Убив дитя, она будто сейчас же положила его в ночвы, а потом разняла на части, посовала в горшок и поставила в печку, чтобы мясо сварилось, а «утробку» на загнетке в золе сожгла, и ночвы и стол вымыла, и тогда побудила старшую девочку и сказала ей:
— Вот тут, в печи, стоит горшок — варится… В нем, гляди, для вас полно убоины… достаньте его и все мясушко съешьте, ничего не оставляйте. Слышишь ли?
Девочка говорит:
— Мамушка рудная! ты зачем же одна в кусочки пойдешь, когда у нас убоинка варена! Съешь убоинки! Но мать только побледнела и руками замахала:
— Нет, — говорит, — я не хочу — вы одни ешьте! — и с этим толкнула дверь ногой и ушла.
А девочка сейчас же высунула емками горшок из печи, перебудила своих младших, — сели за стол и начали есть.
И всего своего братца они съели бы без остаточка, но только кому-то из них к концу стола попалась нераскинувшаяся в кипятке ручка или ножка ребенка, и они по этой ножке или ручке узнали, что едят «человечину»…
Тут они бросились бежать вон из избы, но только что отворили дверь, как смотрят — мать их в сенцах висит удавившись, подцепив веревку за решетину в снятой крыше.
В другом же селе вышло будто дело еще страшнее: там будто бы «внучки съели свою бабушку».

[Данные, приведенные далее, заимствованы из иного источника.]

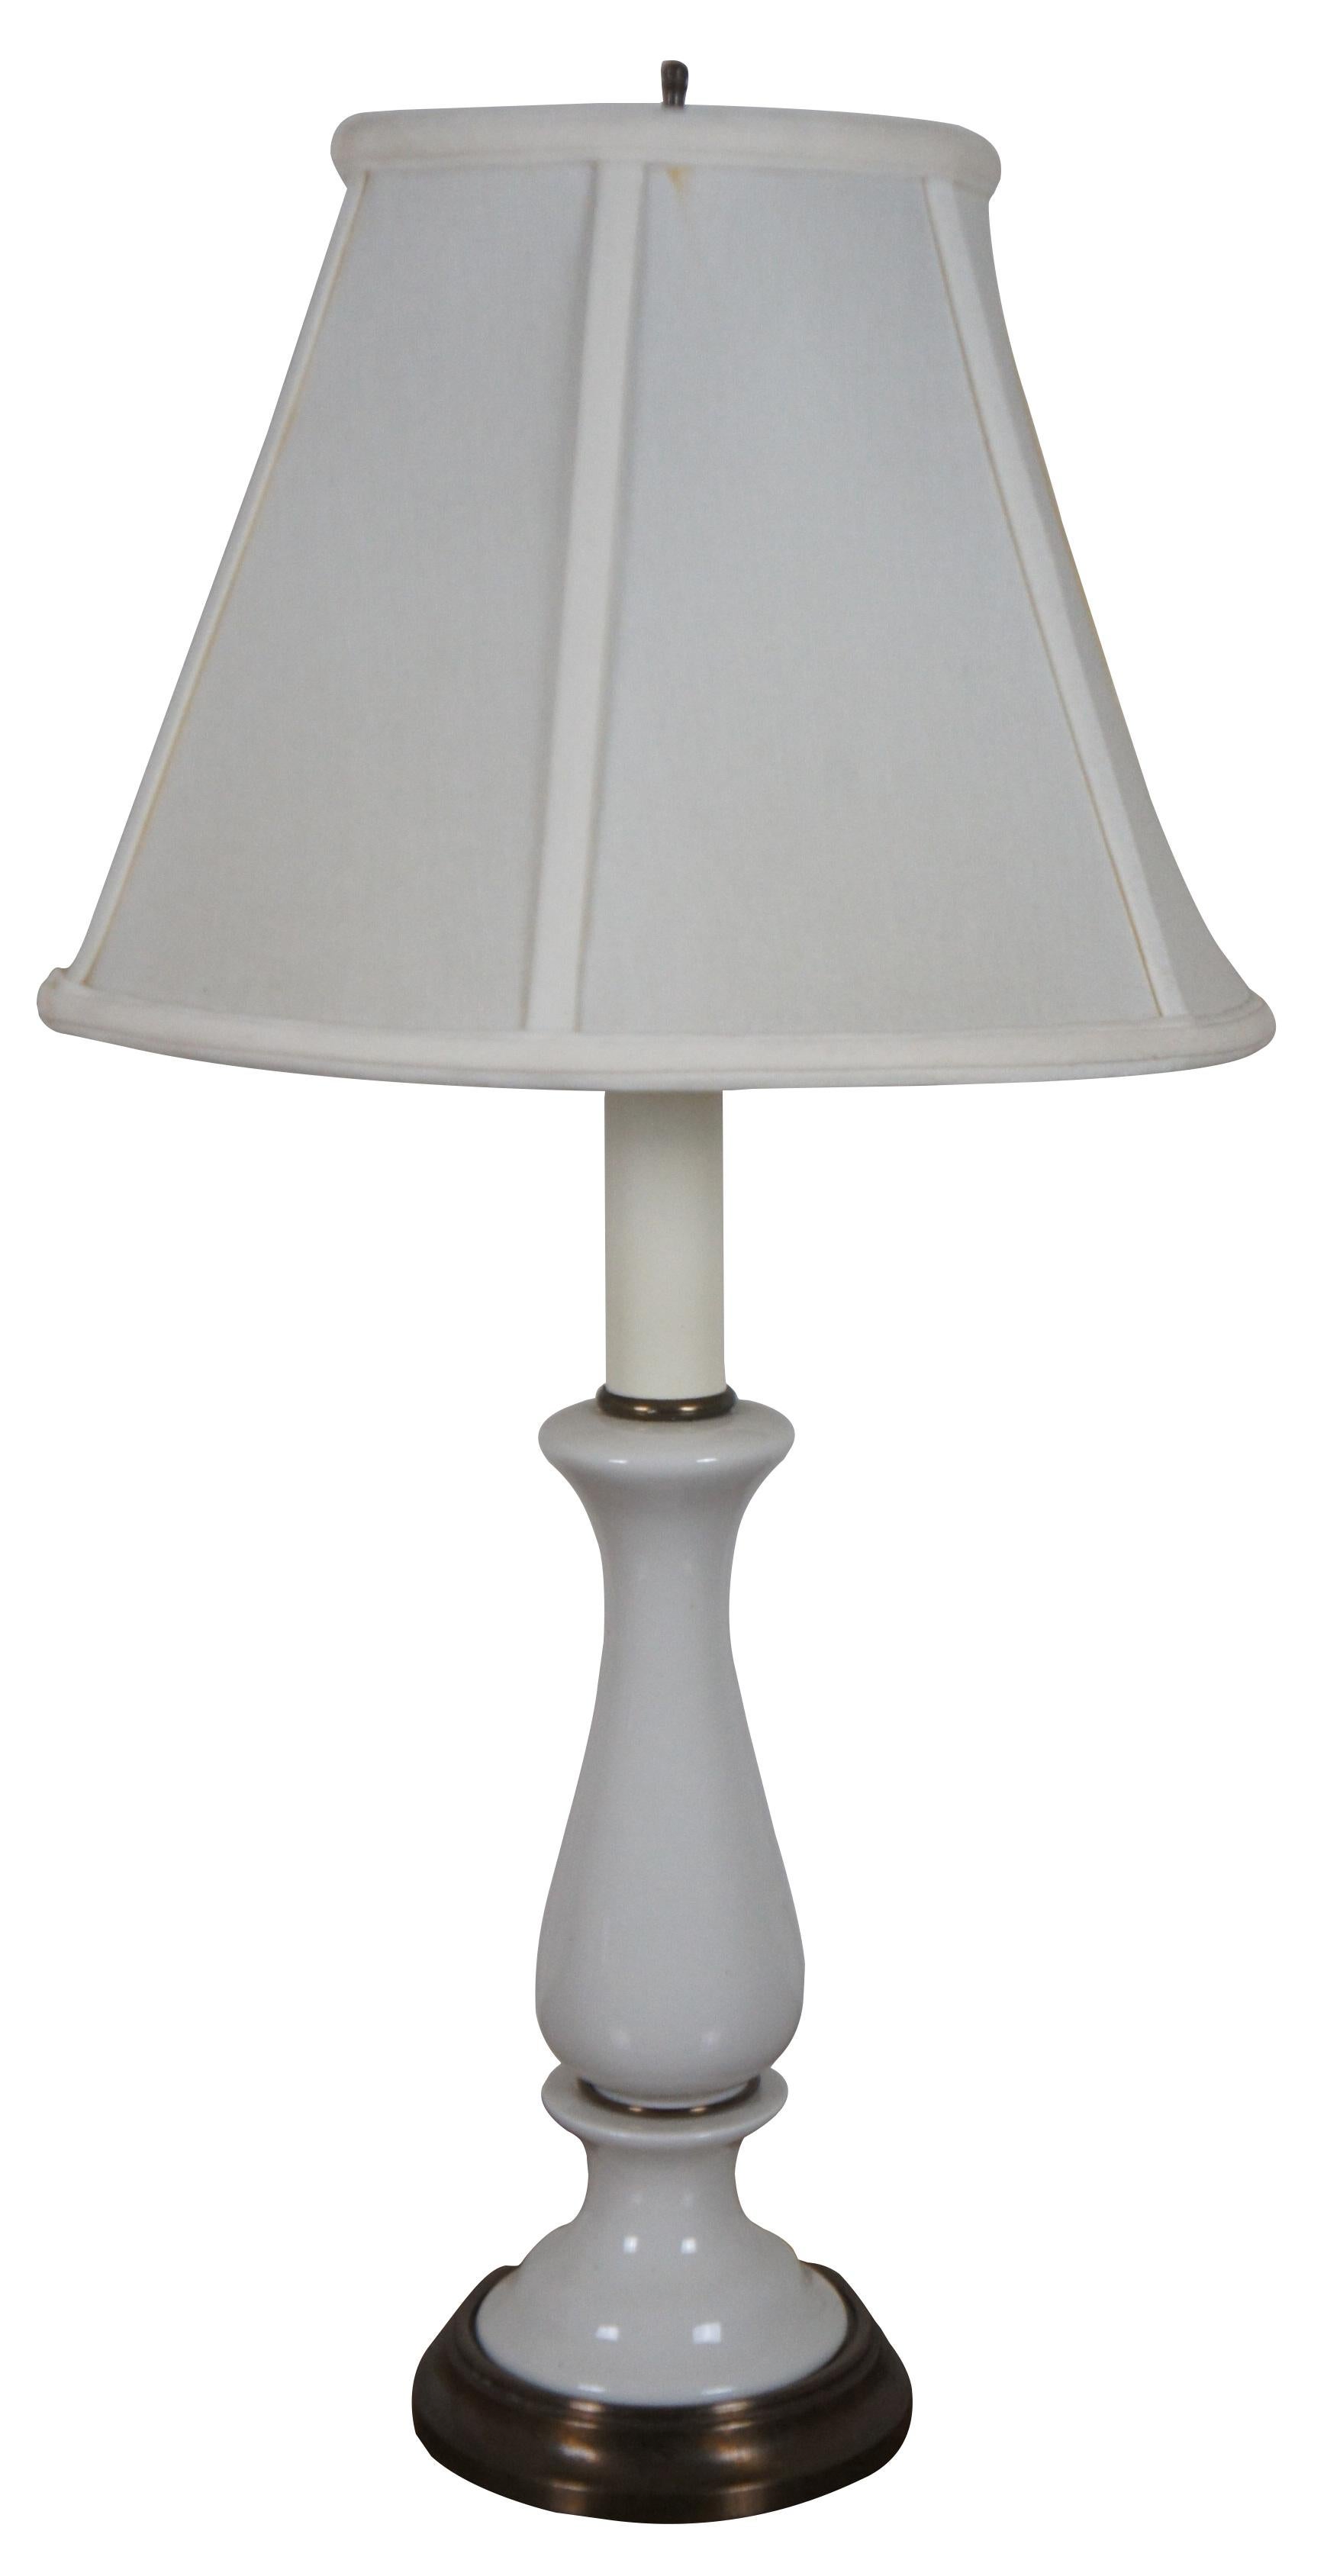 Paire de lampes de table Boudoir en porcelaine blanche Kichler du milieu du siècle dernier, avec dessus de chandeliers et abat-jour blancs.

Mesures : 5,25 x 24 / Abat-jour - 12,25 x 8,5 (diamètre x hauteur).

Обе эти новости принес в деревню и рассказывал всем на удивленье и на страх сухорукий Ефим, у которого было особенное, очень приятное положение. Его называли «прощенник», потому что он когда-то, еще при прежних господах, сделал очень большой грех: украл и один, ни с кем не поделясь, съел целый артос, и за это он был три года скорчен, но потом госпожа ездила куда-то к святыне и возила этого Ефима с собой, и он там исцелился. «Бог его простил»: корча от него была отнята, но для памяти о его грехе у него рука усохла, так что работать ему было невозможно. С тех пор Ефим не жил оседло, а все ходил по святым местам, «молился и презвищал». Ефим был мастер рассказывать, но в основе его рассказов часто бывало много вздора, и врал он, ничем не стесняясь, как будто ему и не было прощения. Точно так же он наврал и о сваренном ребенке и о старухе, которую съели внучки. Но наврал он не все от своего ума, а взял нечто и от других людей, среди которых оба эти рассказа сложились эпически, и в основу их фабулы легли некоторые действительные происшествия, которые в их натуральной простоте были гораздо более ужасны, чем весь приведенный вымысел с Ефимовой раскраской.